FromHermann Riemann <nospam.ng@hermann-riemann.de>
Date2022-01-17 20:20 +0100
Message-ID<j4lts0Fg7h7U1@mid.individual.net>
In reply to#120879
Am 17.01.22 um 19:45 schrieb Joerg:
> On 1/16/22 11:36 PM, Hermann Riemann wrote:
>> Am 16.01.22 um 22:53 schrieb wolfgang bauer (D):
>>
>> Als möglich Ursachen fallen mir ein:
>> - Unsichere Kabelverbindung
> 
> 
> Und mit dem Multimeter die Spannungen messen. Es sollte nichts 
> wegbrechen, auch nicht beim Anfahren von Festplatten. Das schliesst das 
> Netzteil als potentielle Fehlerquelle aus.

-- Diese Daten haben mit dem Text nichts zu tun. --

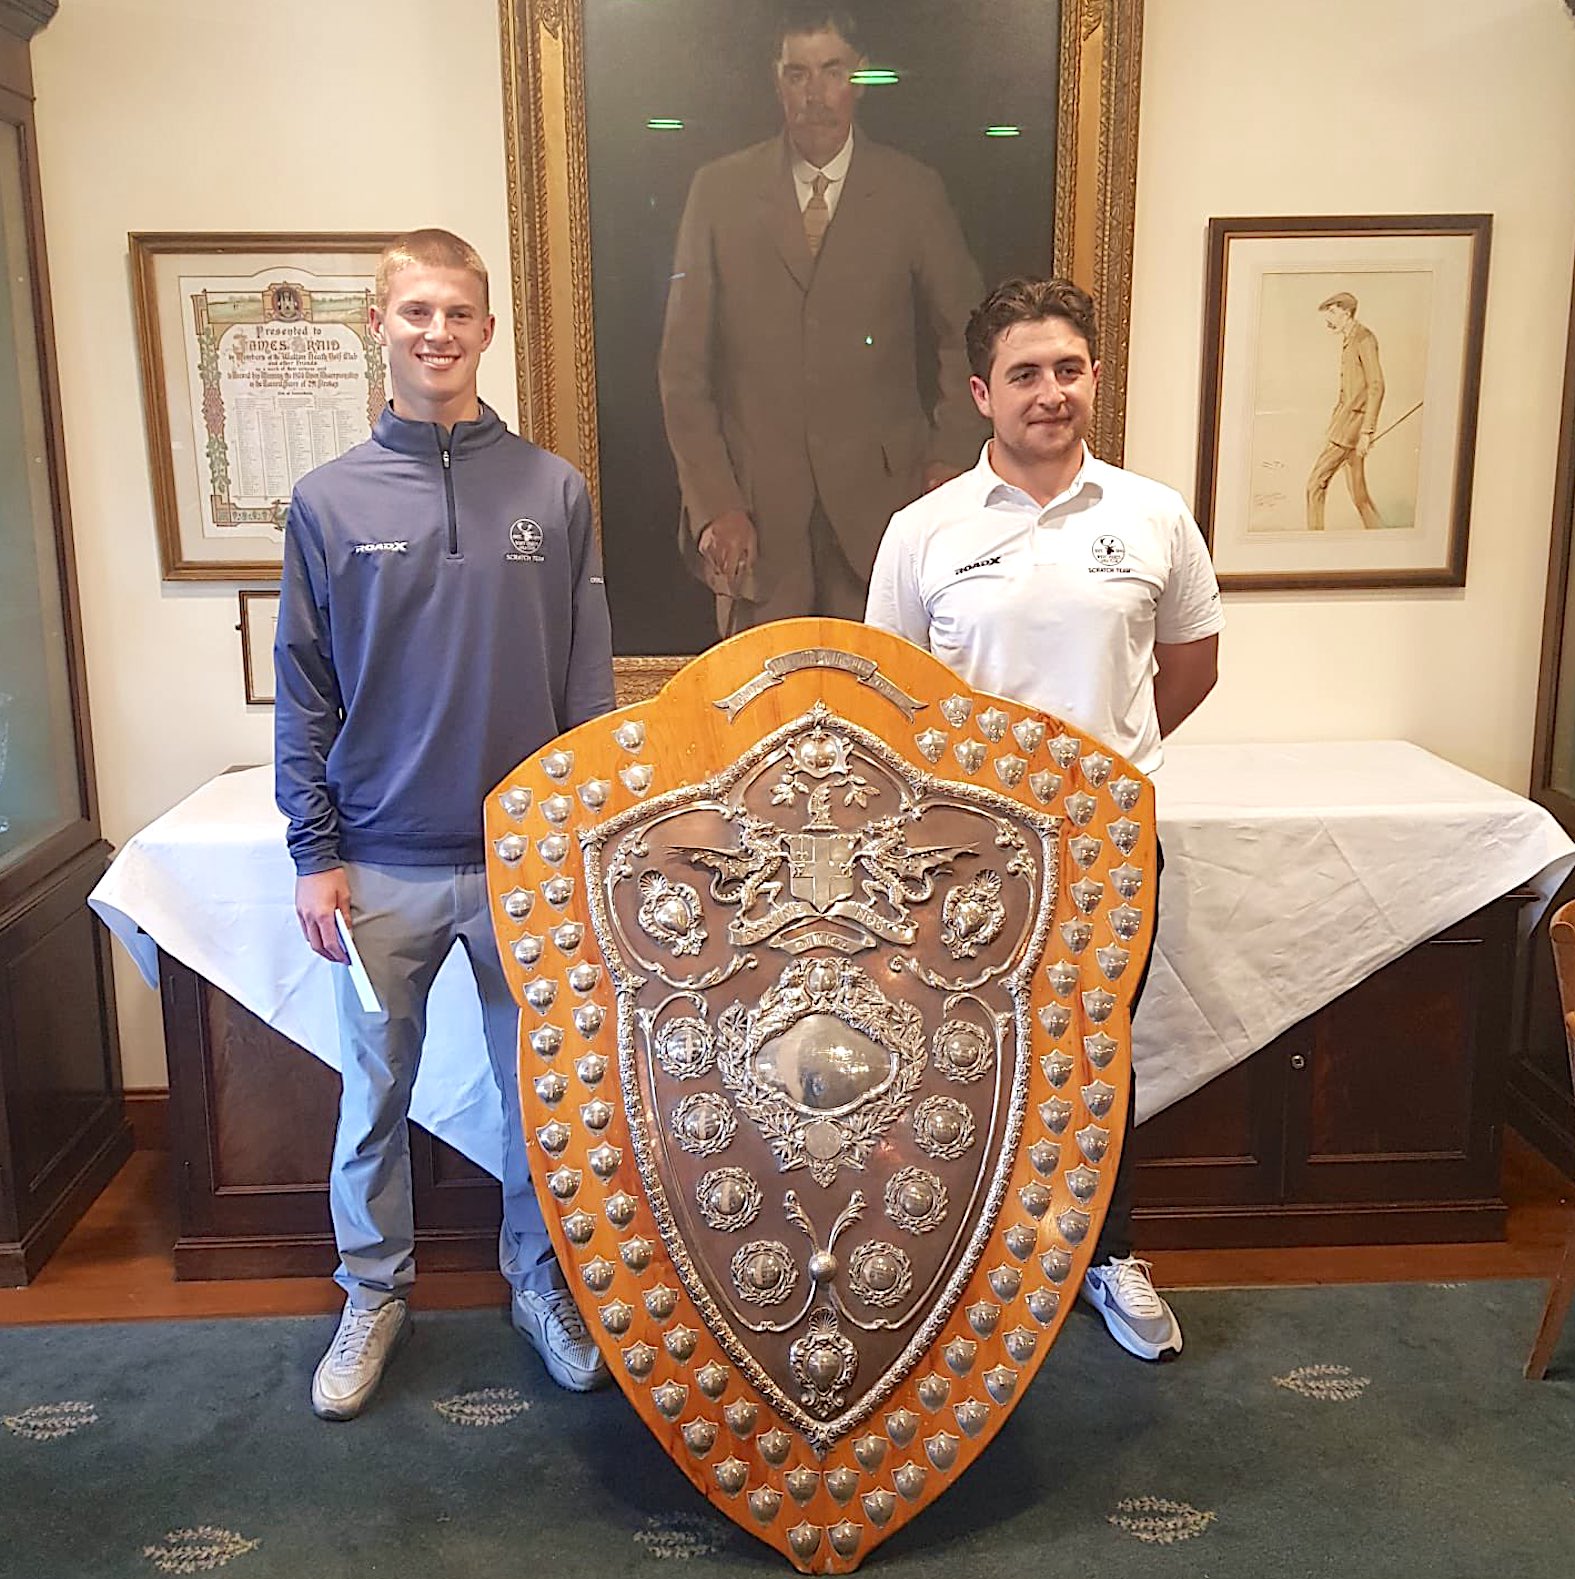 Zach Little (left) and Sean Kelly with the London Amateur Foursomes Trophy

Ein Multimeter dürfte keine Spannungsspitzen anzeigen.

Beim Anschließen von PCs an 230V wird viel Strom gebraucht.
4 PCs gleichzeitig können die 16 Ampere Sicherung
zum abschalten nötigen

>> - Superblock mit sporadischem Lesefehler
>>
>> Als Befehl zum Anschauen  gibt es noch parted -l
>>
>> Sicherheitshalber würde ich cat /dev/sdb > dateiname probieren.
>> Die Daten dürften mit entsprechendem Aufwand
>> vielleicht in dieser Datei dann auffindbar sein.
>>
>> Hermann
>>     der das mit dem cat gelesen aber noch nicht probiert hat.
>>
> 
> Ich moechte nicht den Teufel an die Wand malen, aber aehnlich wie von 
> Wolfgang beschrieben fing das bei einem meiner alten PCs an (Dell Vostro 
> 200 Mini Tower). Eine Platte wurde nicht mehr erkannt, dann wieder doch, 
> dann mal wieder nicht mehr. Einige Wochen spaeter kam das ganze 
> Motherboard nicht mehr hoch (kein POST, nix), der Rechner war kaputt und 
> mangels erhaeltlichem Schaltbild nicht reparierbar.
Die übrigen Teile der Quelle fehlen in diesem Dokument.